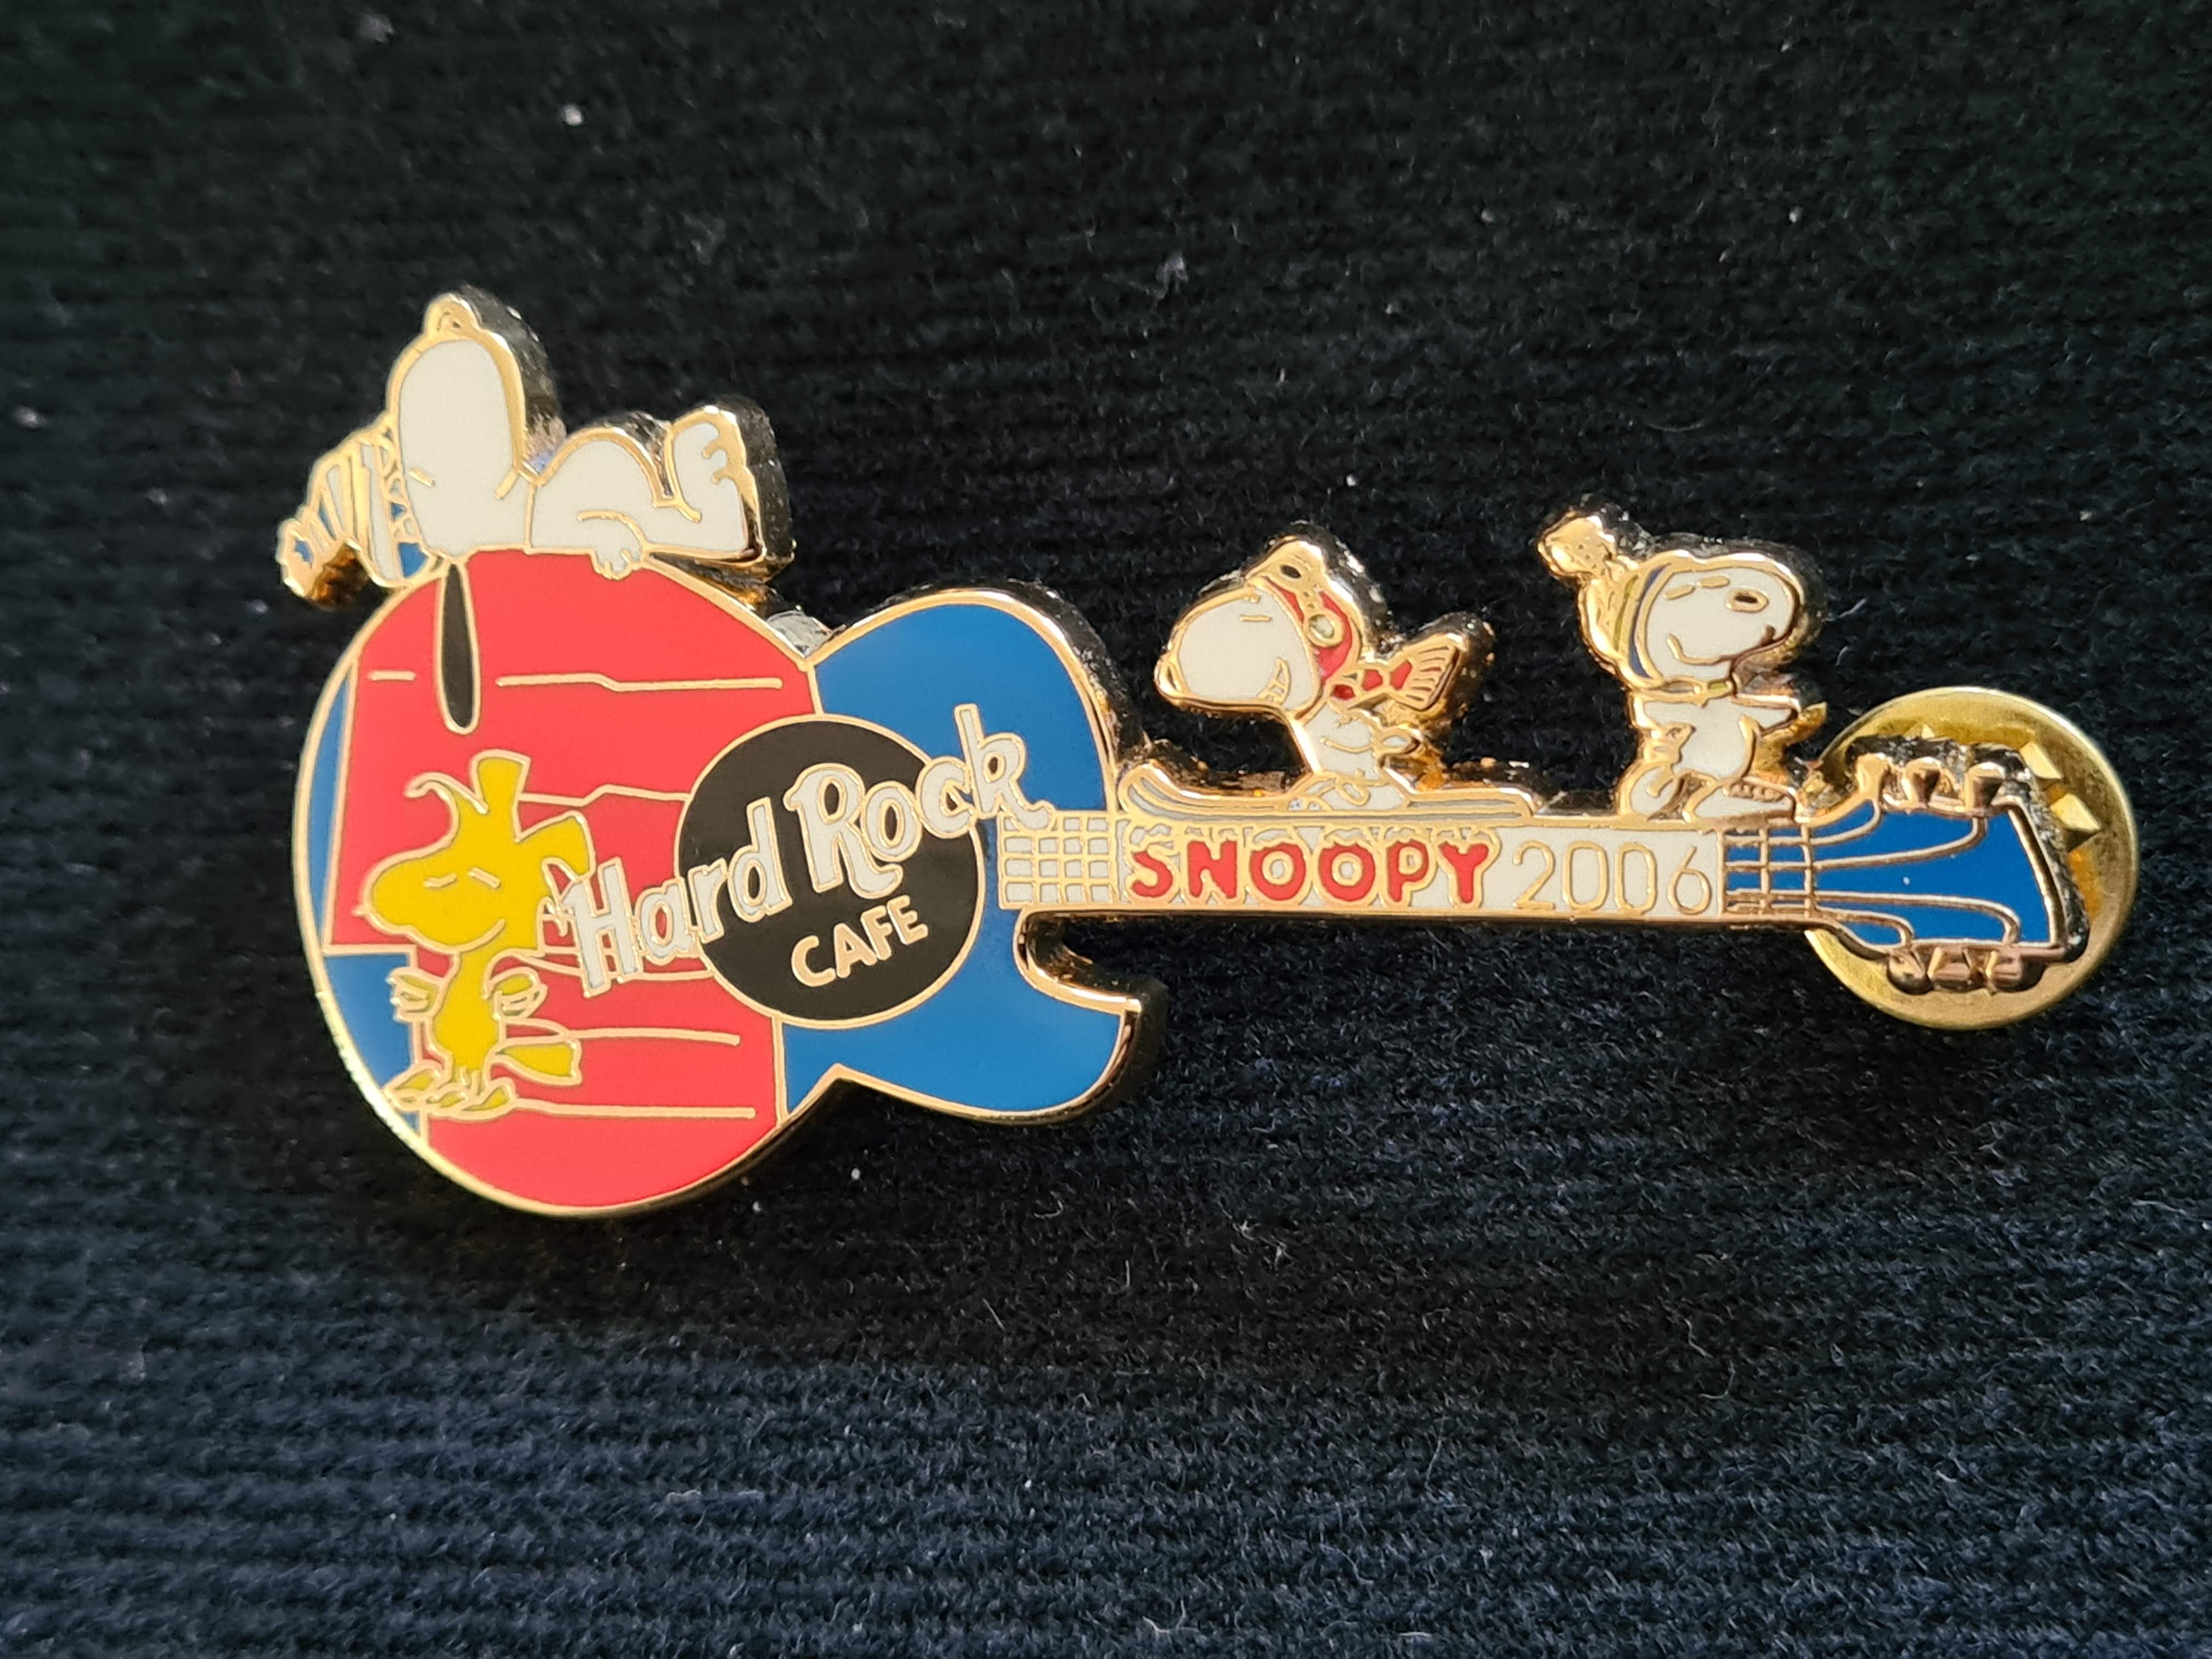 Snoopy Peanuts - Guitar red and blue winther 2006
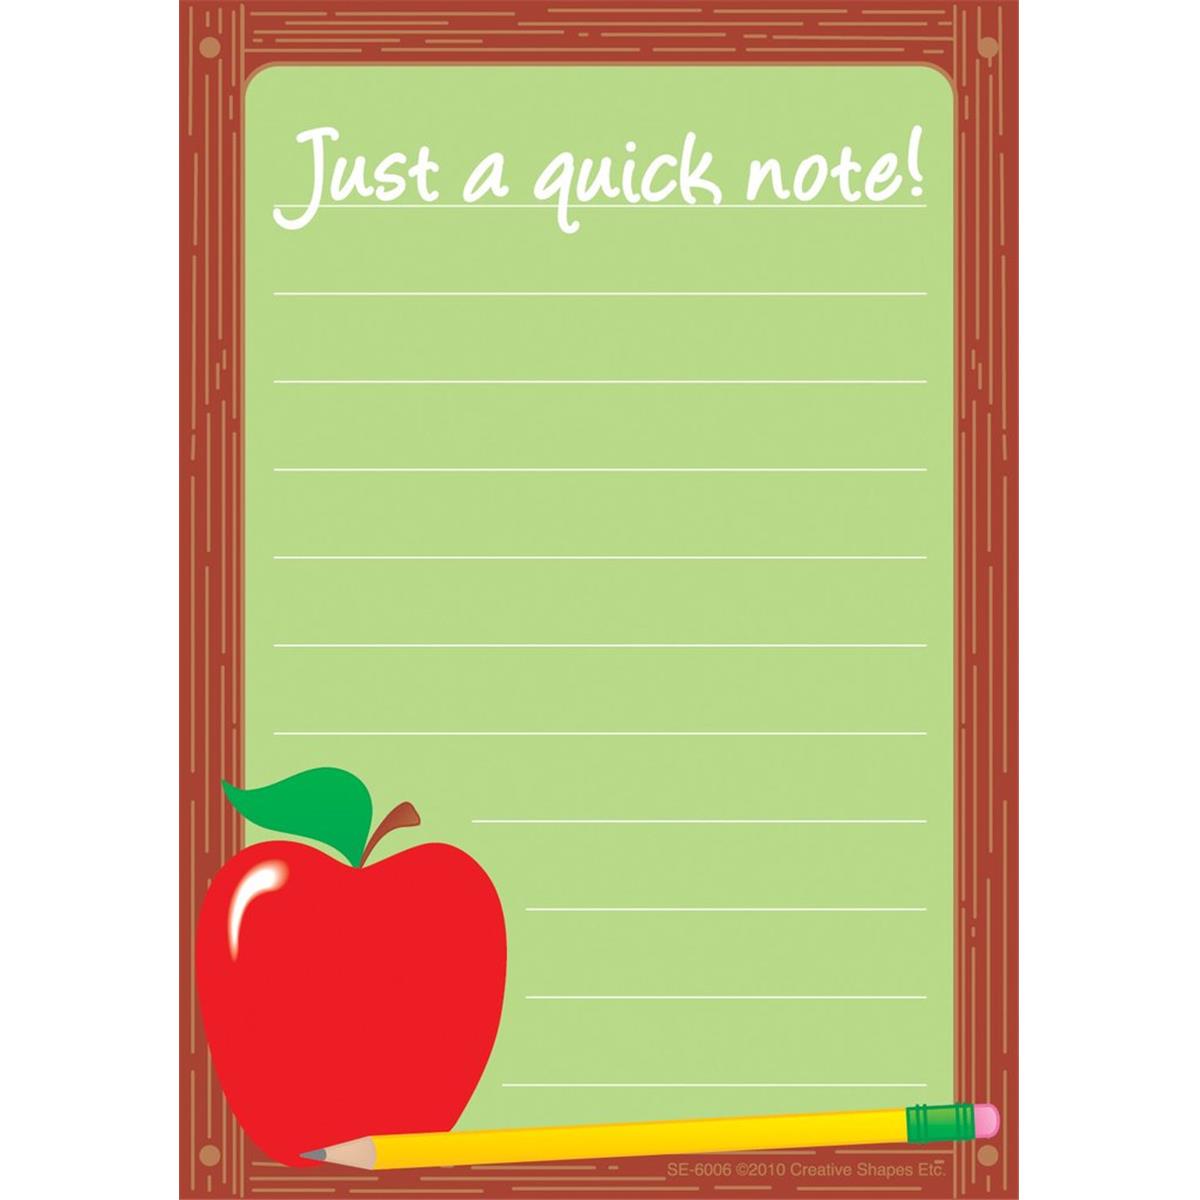 Se-6006 3.5 X 5 In. Notes & Quotes, A Quick Note - 35 Sheets Per Pack
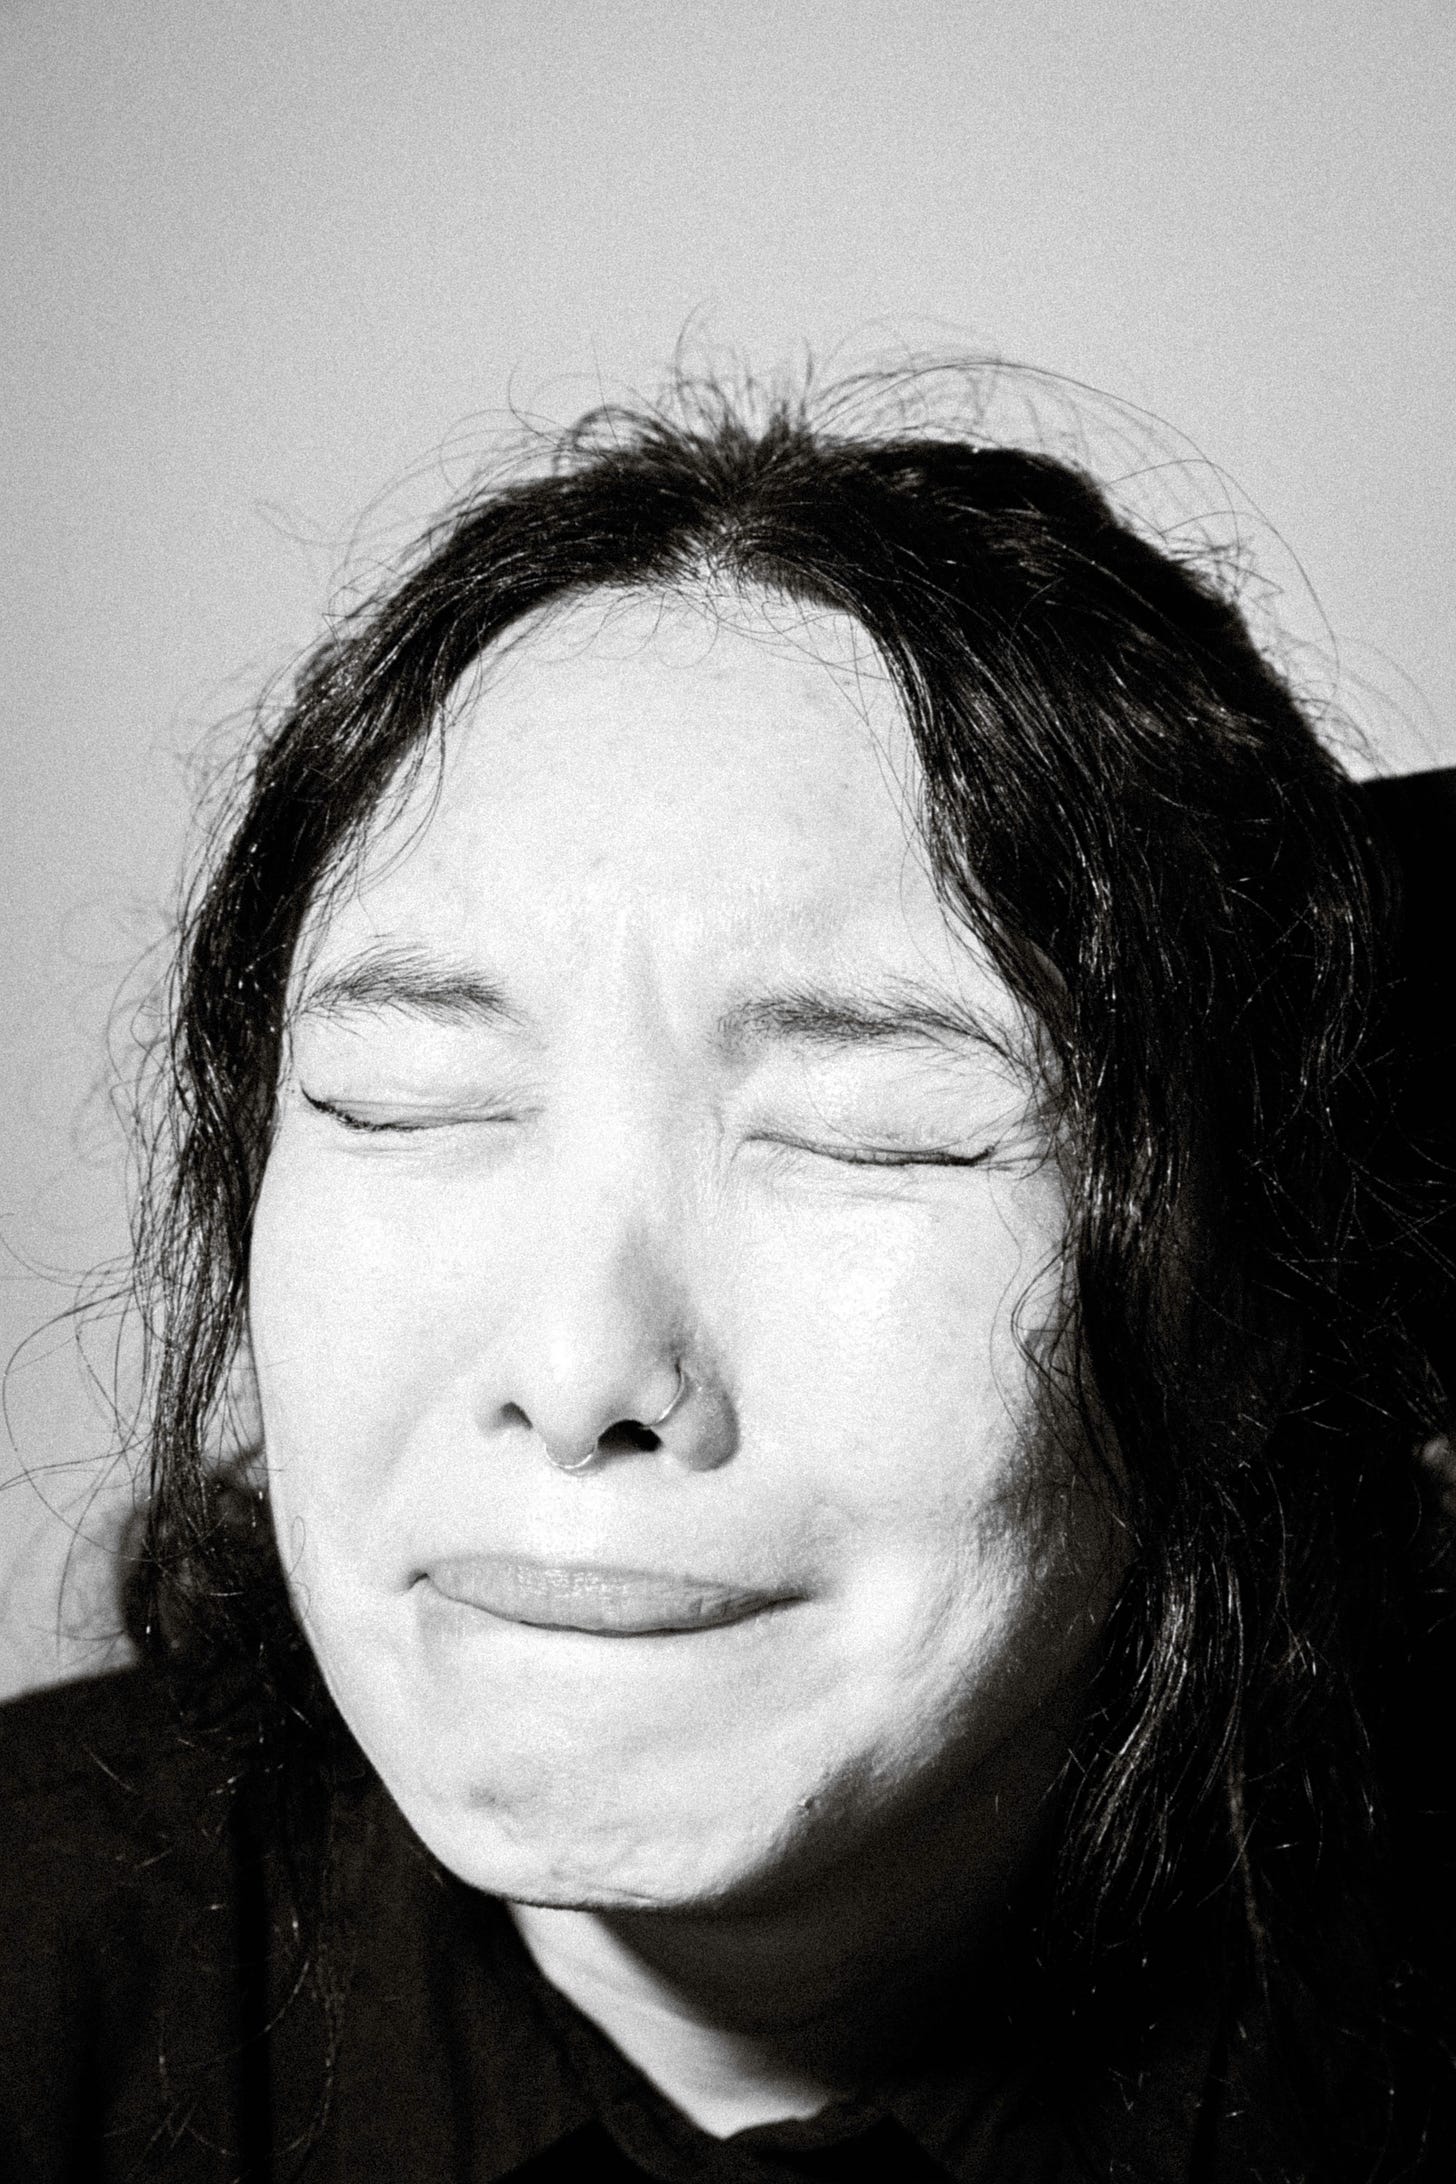 Woman with black hair crying

- **Exercise directions**
Without any pictures, return the material above exactly.

- **Answer below**
 Snoopy Peanuts - Guitar red and blue winther 2006
 Se-6006 3.5 X 5 In. Notes & Quotes, A Quick Note - 35 Sheets Per Pack
 Woman with black hair crying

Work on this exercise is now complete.